The details are the devilThe new emission requirements and their impact on the engine architecture are very significant and require us to pay more attention, but other engineering problems in the engine will not disappear, and may even become more serious. Michael DeJack, senior technical expert at AVL, gave a good example of how to solve the problem of low-cycle fatigue. Like other companies, AVL has used a range of commercial tools and in-house expertise to solve the headaches of low-cycle fatigue.
The durability of the engine is facing unprecedented challenges. “The ever-increasing emission standards will place higher demands on engine combustion technology, and engine cylinders will have to withstand higher pressures and temperatures,†explains DeJack, which will place higher demands on the thermomechanical fatigue performance of the engine, especially It is on the cylinder head.

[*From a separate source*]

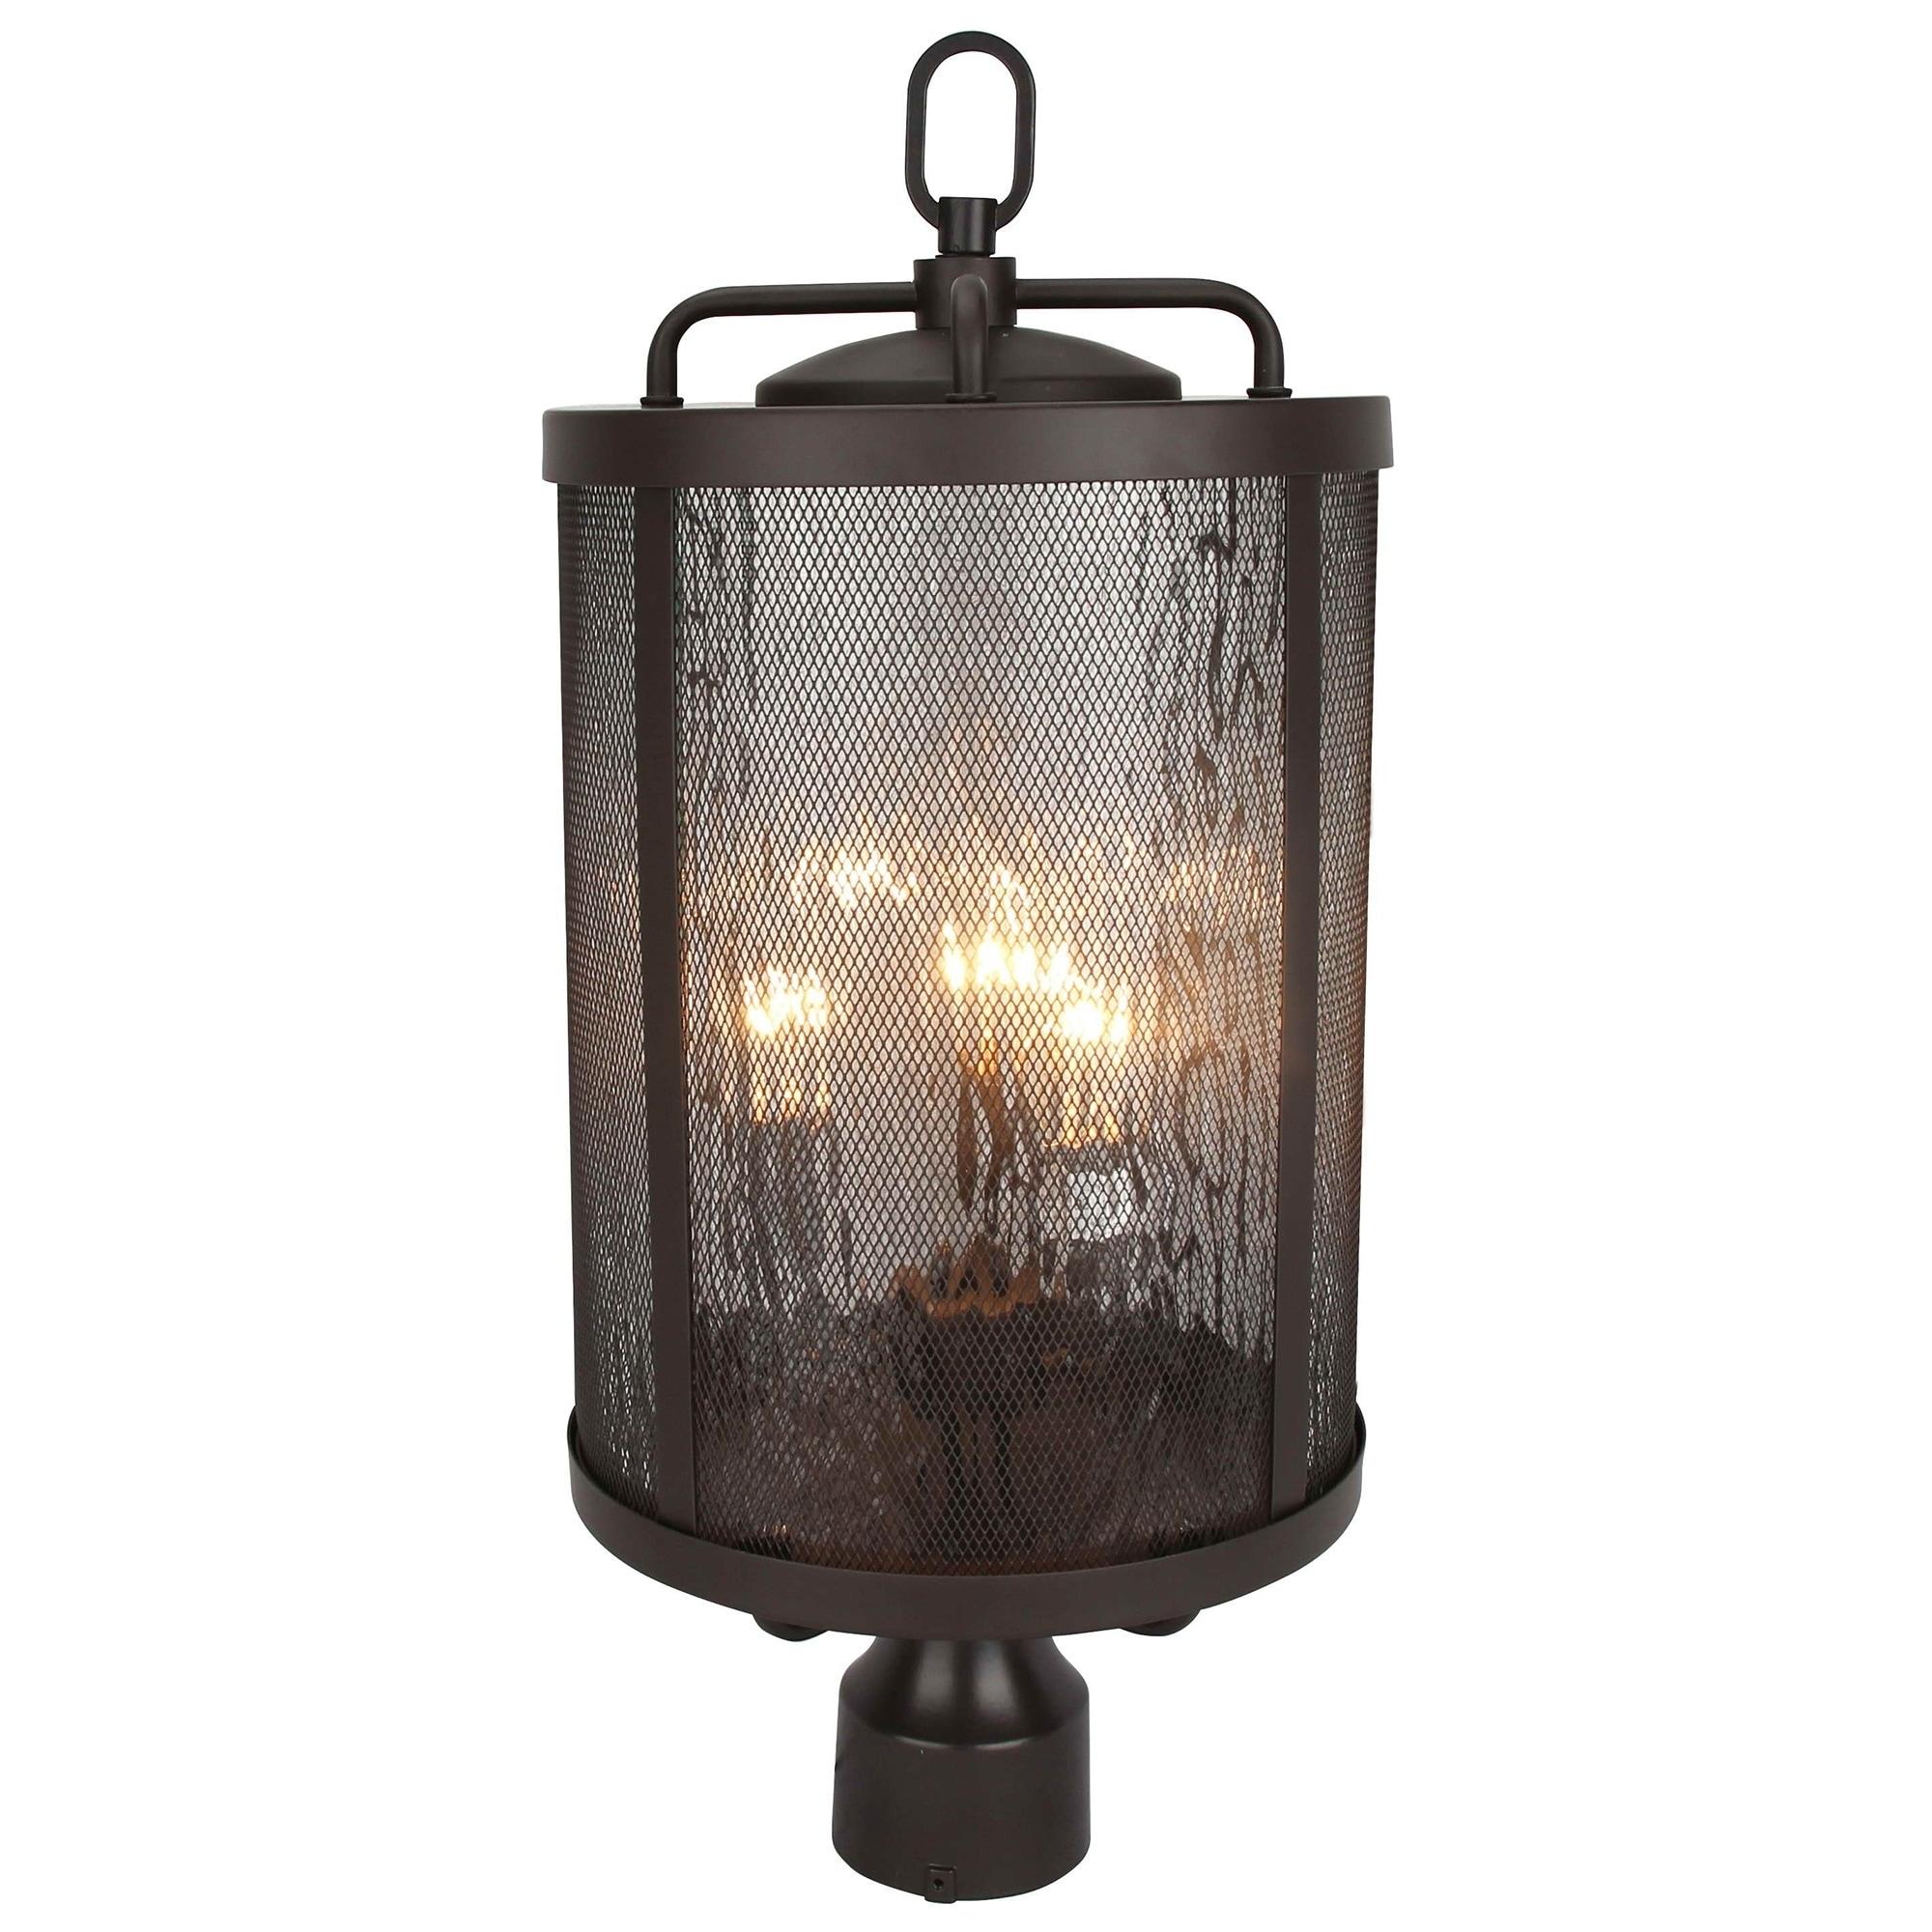 Shop 3 Light Outdoor Post Lighting In Bronze Finish On Sale Overstock 28868693
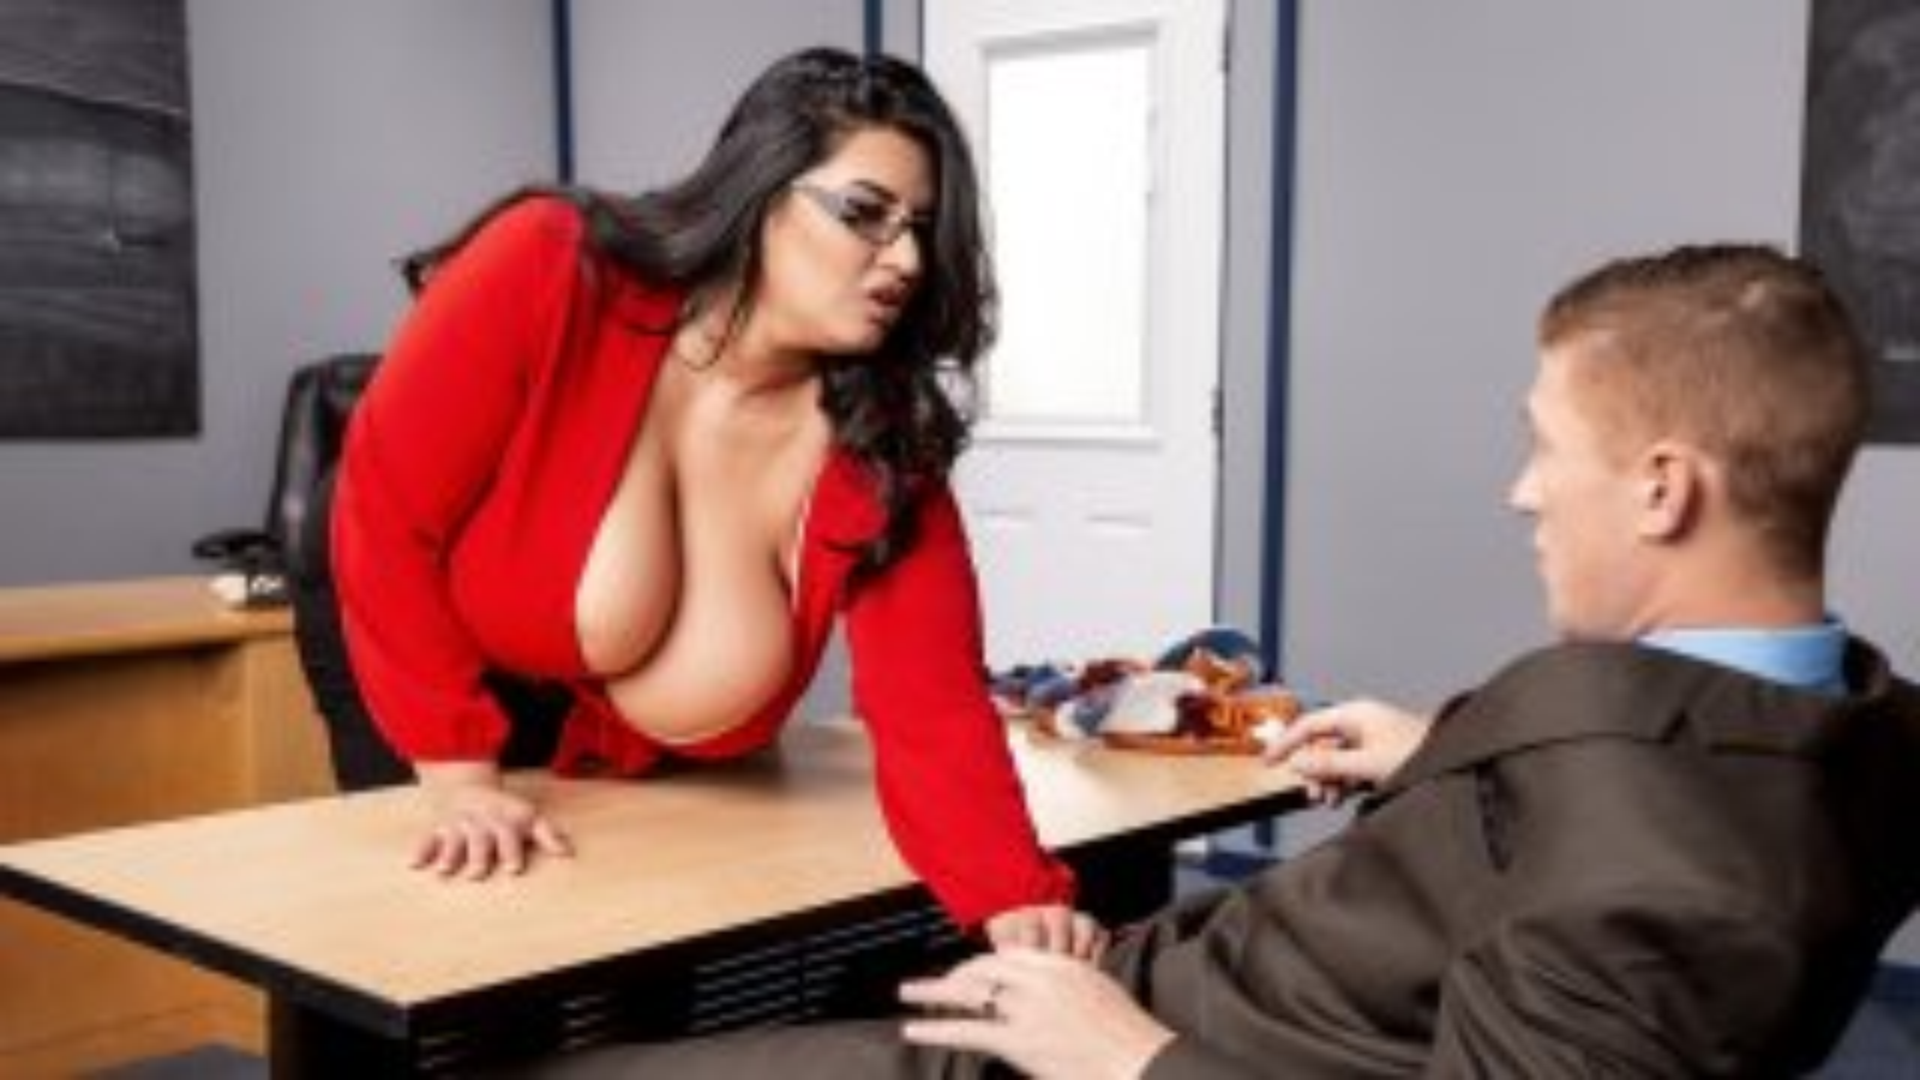 Disciplinary Action - Big Tits At School

Compared with high cycle fatigue during operation, thermomechanical fatigue mainly comes from low cycle heating and cooling of the engine from start to finish.
As with any other engineering design, this solution also requires some trade-offs. “You can use different materials to increase the strength, but at the same time you need to make sacrifices in thermal conductivity. In this case, we have to move the cooling jacket closer to the flame and make the cylinder wall design thinner. DeJack said materials to choose from include cast iron, cast iron (CGI) and ductile iron. However, the evaluation of these materials is not easy due to the application of finite element models for complex material behavior.
If the devil is in the details, then the solution may be in the data. AVL chose Dassault Systemes' popular Abaqus nonlinear finite element simulation software. “Thermal mechanical fatigue increases the viscoplasticity of the material, so we chose a more advanced material modeling tool, the Z-Mat from Northwest Numerics. We have developed and calibrated this Z-Mat tool. A library of advanced material models. In addition to modeling the viscoplastic properties of materials, AVL has developed several damage models to simulate material failure times due to thermomechanical fatigue.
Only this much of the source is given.